Jürgen Moltmann’s The Church in the Power of the Spirit continues to be one of the most impressive books I’ve yet encountered from him. In fact, I’ve found Moltmann’s work here quite helpful in light of the recent discussions about the viability of Hauerwas’s ecclesiology that have emerged from Nate Kerr’s book, Christ, History and Apocalyptic.
Hauerwas certainly has a strong tendency to see the task of the church in light of the challenges of modernity. In light of the modern situation — of individualism, Western ideology, etc. — the church must be intentional in the work of ecclesial culture-making in order to form different, truly virtuous persons who can inhabit the world differently, thereby bearing witness to the gospel. The social challenges of modernity require an ecclesial response of resistance and counter-construction.
Whether this critique ultimately sticks with full force to Hauerwas doesn’t matter too much for the purposes of my point here. Clearly it is undeniable that this sort of theological anxiety about modernity is widespread. It can be easily found all over conservative evangelicalism with its deep-seated terror that “we” are losing control of America. However it is no less present in the political sentiments of John Milbank and his own critiques of modernity and arguments for some sort of global Christian socialism.
Moltmann, however cuts past this. The unrest that the modern situation poses to the church is decidedly secondary — at best — to the unrest that lies at the heart of the church itself. The church is unsettled, unstable precisely because it bears witness to the triune God present through Christ in the Spirit. The crucified Christ is not a stable center, but a transcendent voice that cannot be domesticated by the church into their own possessed message. The presence of Christ in the Spirit pertains to nothing less than the total transformation of the world into the messianic kingdom of God. This is not a reality the church possesses within itself, but rather one that it obediently receives, never quite knowing what it will ultimately mean. “What no eye has seen, nor ear heard, nor the human heart conceived, what God has prepared for those who love him” (1 Cor 2:9). Thus, as Moltmann argues:
[I]t can by no means be merely the unrest of our time which causes the unrest of the church. Nor can it merely be the present revolutionary situation which makes it essential for the church and its teaching to find new bearings. . . [I]ts ‘unrest’ is implicit in itself, in the crucified Christ to whom it appeals and in the Spirit which is its driving power. The unrest of the times points it to this inner unrest of its own. The social and cultural upheavals of the present draw its attention to that great upheaval which it itself describes as ‘new creation’, as the ‘new people of god’, when it testifies to the world concerning the future of ‘the new heaven and the new earth’. What is required today is not adroit adaption to changed social conditions, but the inner renewal of the church by the Spirit of Christ, the power of the coming kingdom.

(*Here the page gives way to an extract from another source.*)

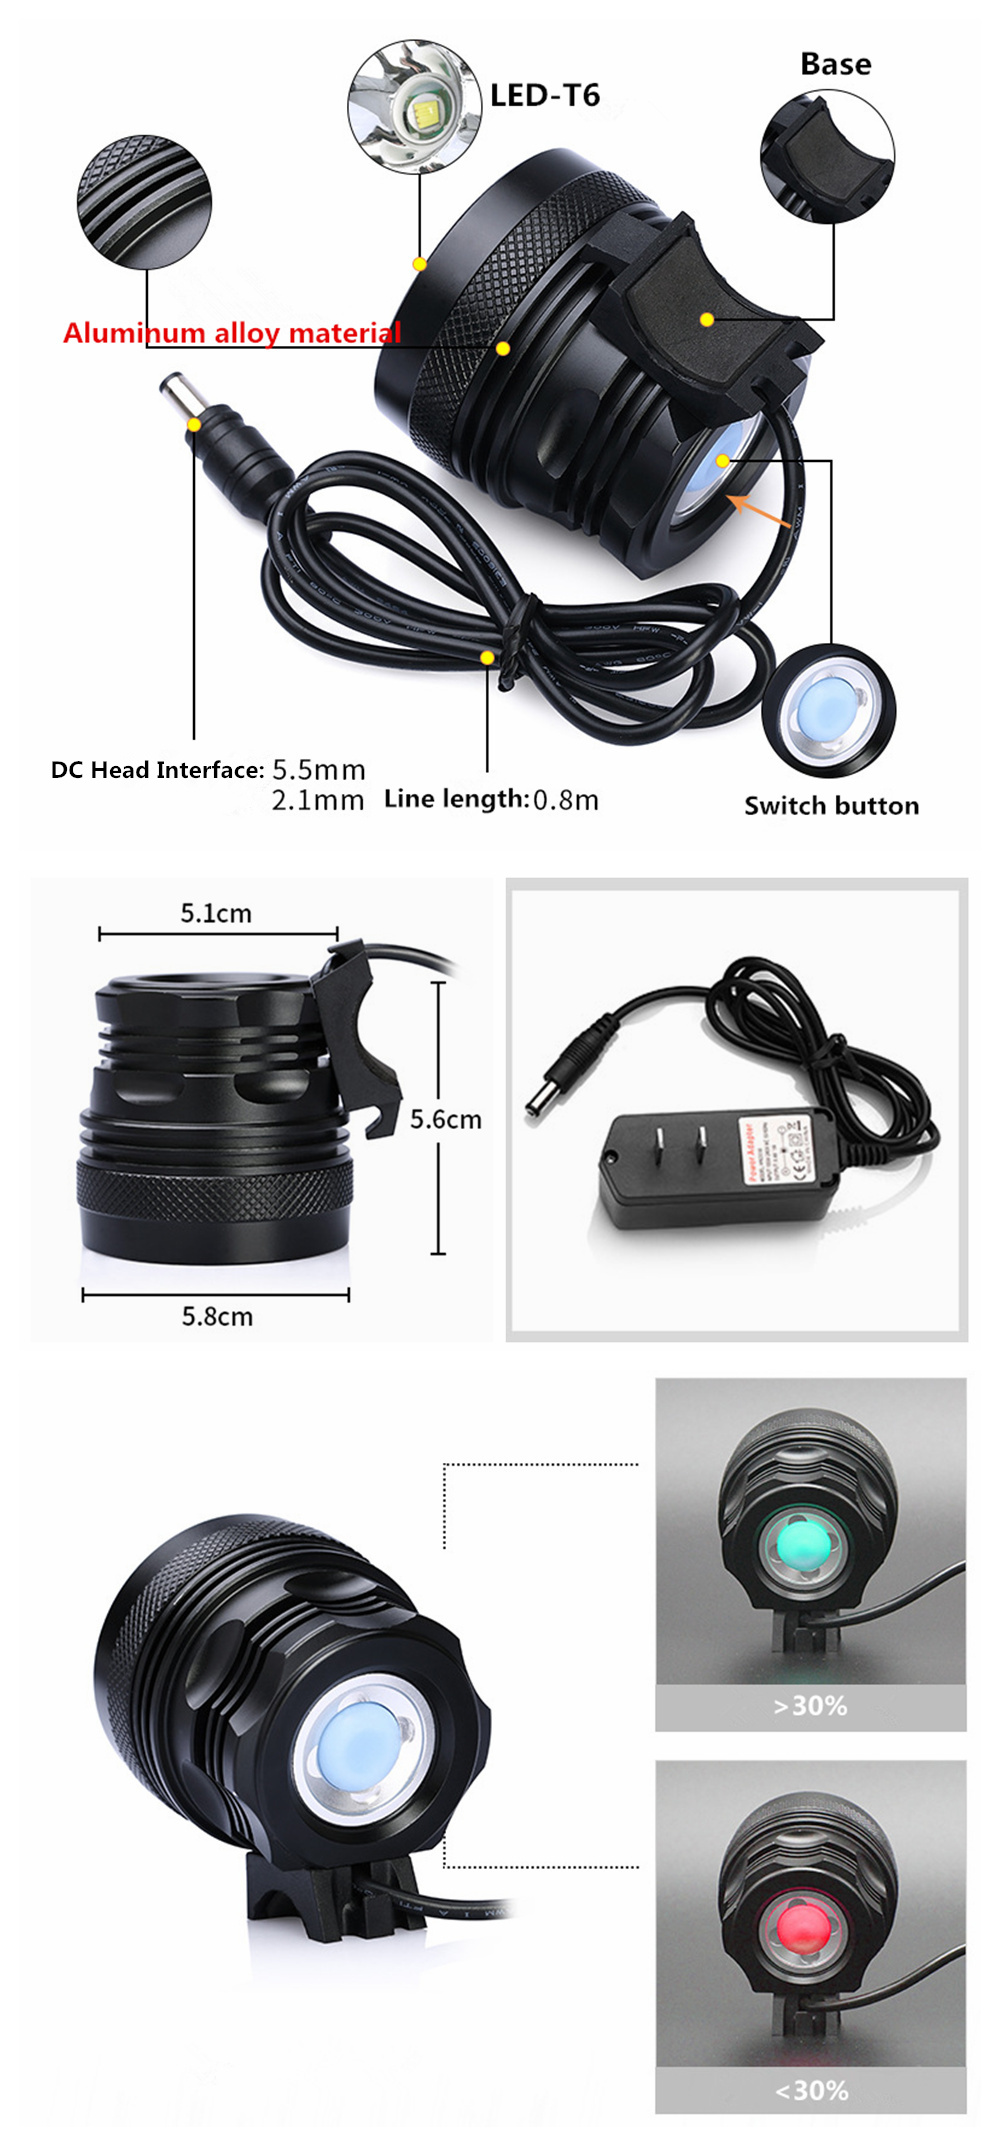 ZHISHUNJIA B80 8-LED 3-Mode Cold White Bike Light / Headlamp - 10x 18650 Battery

Note, in this schema the sentiment that animates the church is one of eschatological joy. Our own “unrest” lies in our hope for the coming renewal of all things in Christ, a renewal that we cannot grasp, control, possess, or ever fully anticipate. The church, oriented by this sort of doxological, eschatological hope is not overly worried about the supposed threats of “modernity” to “traditional Christianity” or other such melodramatic notions of where Western civilization is going wrong. In the place of furtive anxiety about losing control of the cultural formations of the West we are invited into a missional messianic life of trust and hope in the the coming kingdom of God.
All of this turns of course on a sort of reckless confidence that the triune God of the Bible is, in fact, living and active. That this kingdom actually is being brought about in Christ and the Spirit. This orientation requires an utterly foolish trust that God truly acts and is acting. That the kingdom of God is indeed coming as a gift that we could not secure for ourselves.